Das Bayerische Landessozialgericht, auf das der nach altem Recht eingelegte Rekurs des Verletzten als Berufung nach § 215 Abs. 3 des Sozialgerichtsgesetzes (SGG) übergegangen war, hat das erstinstanzliche Urteil aufgehoben und den Beklagten verurteilt, dem Verletzten Ausgleichsrente zu zahlen. Das Landessozialgericht hat ausgeführt, der Begriff der Sicherstellung des Lebensunterhalts sei durch die Einkommensgrenzen des § 33 BVG gesetzlich bestimmt. Als Einkommen habe der Lohnanspruch zu gelten, der dem Verletzten für seine im elterlichen Anwesen geleistete Arbeit zustehe. Dieser betrage nach dem zwischen der Gewerkschaft Gartenbau, Land- und Forstwirtschaft - Landesbezirksstelle Bayern - und dem Arbeitgeberverband für die Land- und Forstwirtschaft in Bayern e. V. abgeschlossenen Tarifvertrag 67,55 DM netto monatlich. Hinzu komme der Wert für freie Kost und Wohnung, der nach den von den bayerischen Oberversicherungsämtern und den Oberfinanzdirektionen M und N beschlossenen Sätzen im vorliegenden Fall mit monatlich 48,- DM anzusetzen sei. Somit habe der Verletzte Einkünfte in Geld bzw. Geldeswert in Höhe von 115,55 DM netto monatlich. Da es sich um Einkünfte aus nichtselbständiger Arbeit handele, seien hiervon nach § 33 Abs. 2 Satz 2 BVG 60,- DM monatlich und von dem darüber hinausgehenden Betrag drei Zehntel nicht anzusetzen. Der verbleibende Betrag von 38,- DM monatlich (§ 33 Abs. 2 Satz 3 BVG) sei als "sonstiges Einkommen" anzurechnen. Da dieses den im § 33 Abs. 1 BVG festgesetzten monatlichen Höchstbetrag nicht erreiche, habe der Verletzte nach § 32 Abs. 2 BVG für die Zeit vom 1. Oktober 1950 bis 31. Juli 1953 Anspruch auf eine Ausgleichsrente von 40,- DM monatlich und vom 1. August 1953 ab von 48,- DM monatlich.
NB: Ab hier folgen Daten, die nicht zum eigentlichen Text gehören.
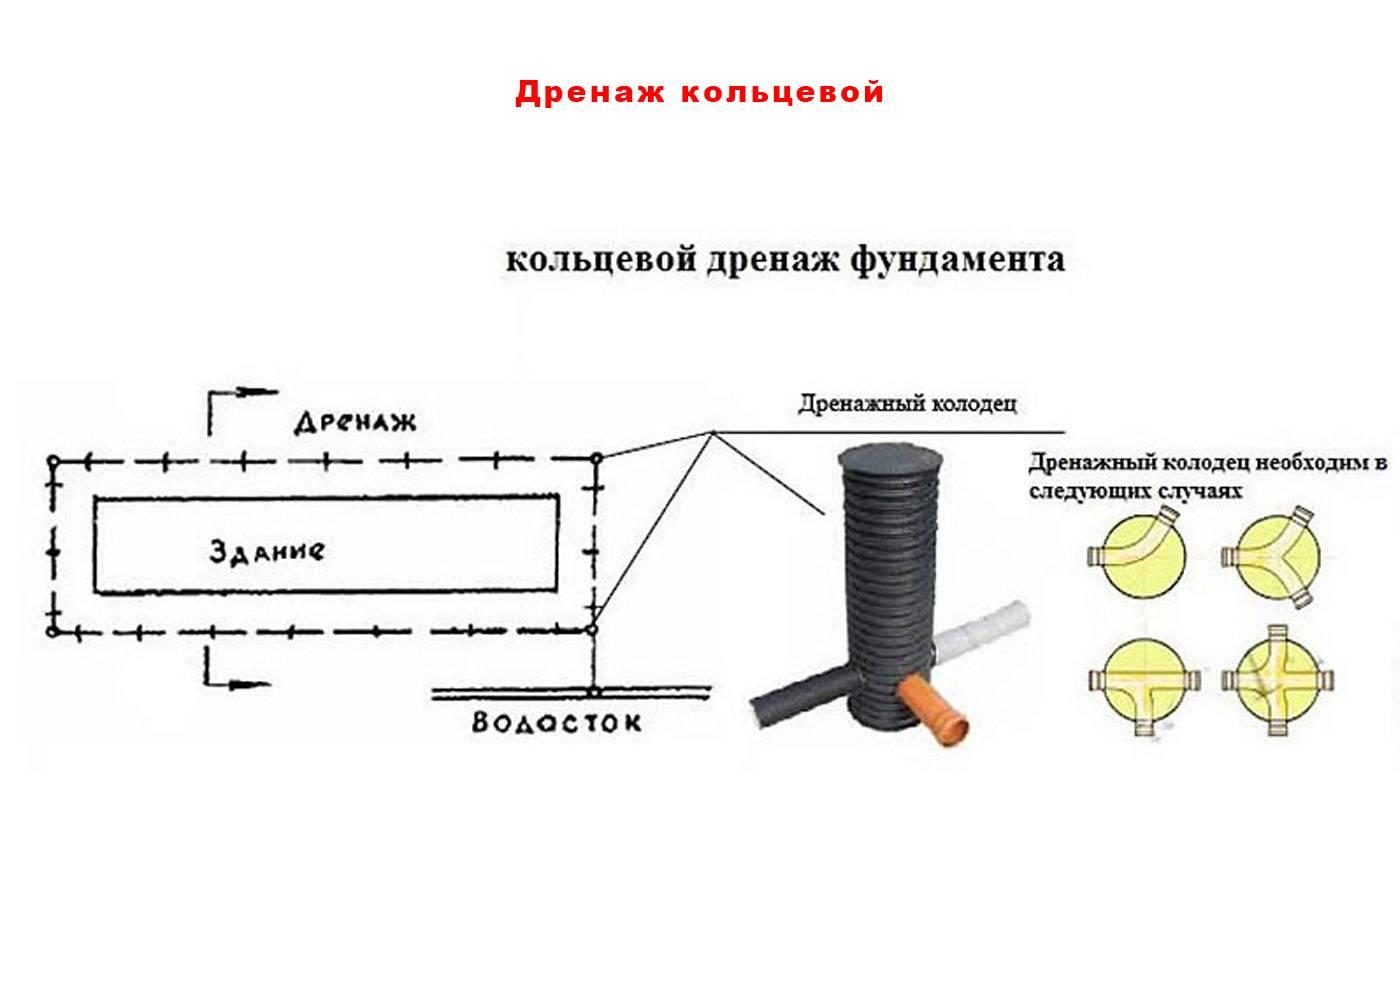 Дренажные трубы: технические характеристики и особенности эксплуатации

Das Landessozialgericht hat die Revision zugelassen.
Der Beklagte hat Revision eingelegt und beantragt,
das angefochtene Urteil aufzuheben und die Klage abzuweisen.
Er rügt die Verletzung der §§ 32, 33 BVG. Die Auffassung des Landessozialgerichts, daß der Begriff der Sicherstellung des Lebensunterhalts (§ 32 Abs. 1 BVG) durch die Einkommenshöchstgrenzen des § 33 BVG gesetzlich bestimmt werde, sei unrichtig. Das Landessozialgericht hätte zunächst prüfen müssen, ob die Voraussetzungen des § 32 Abs. 1 BVG erfüllt sind. Erst wenn es zur Verneinung dieser Frage gekommen wäre, hätte es eine Prüfung nach § 33 BVG vornehmen dürfen. Der Lebensunterhalt des Verletzten sei sichergestellt, weil er im Betrieb seiner Eltern eine zumutbare Erwerbstätigkeit ausübe und eine fremde Hilfskraft ersetze. Im übrigen könne ein mithelfendes Familienmitglied hinsichtlich der im § 33 Abs. 2 BVG für Einkommen aus nichtselbständiger Arbeit festgesetzten Freibeträge einem nichtselbständigen Erwerbstätigen nicht gleichgestellt werden.
Der Verletzte hat beantragt,
die Revision als unbegründet zurückzuweisen.
Er hält das angefochtene Urteil für zutreffend.
Entscheidungsgründe
Die durch Zulassung statthafte Revision (§ 162 Abs. 1 Nr. 1 SGG) ist form- und fristgerecht eingelegt und begründet worden (§ 164 SGG). Sie ist daher zulässig. Die Kläger, die das nach § 68 SGG in Verbindung mit § 239 Abs. 1 der Zivilprozeßordnung (ZPO) durch den Tod ihres Sohnes, des Verletzten, unterbrochene Revisionsverfahren fortgesetzt haben, sind dadurch Verfahrensbeteiligte geworden (SozR. SGG § 68 Bl. Da 1 Nr. 1).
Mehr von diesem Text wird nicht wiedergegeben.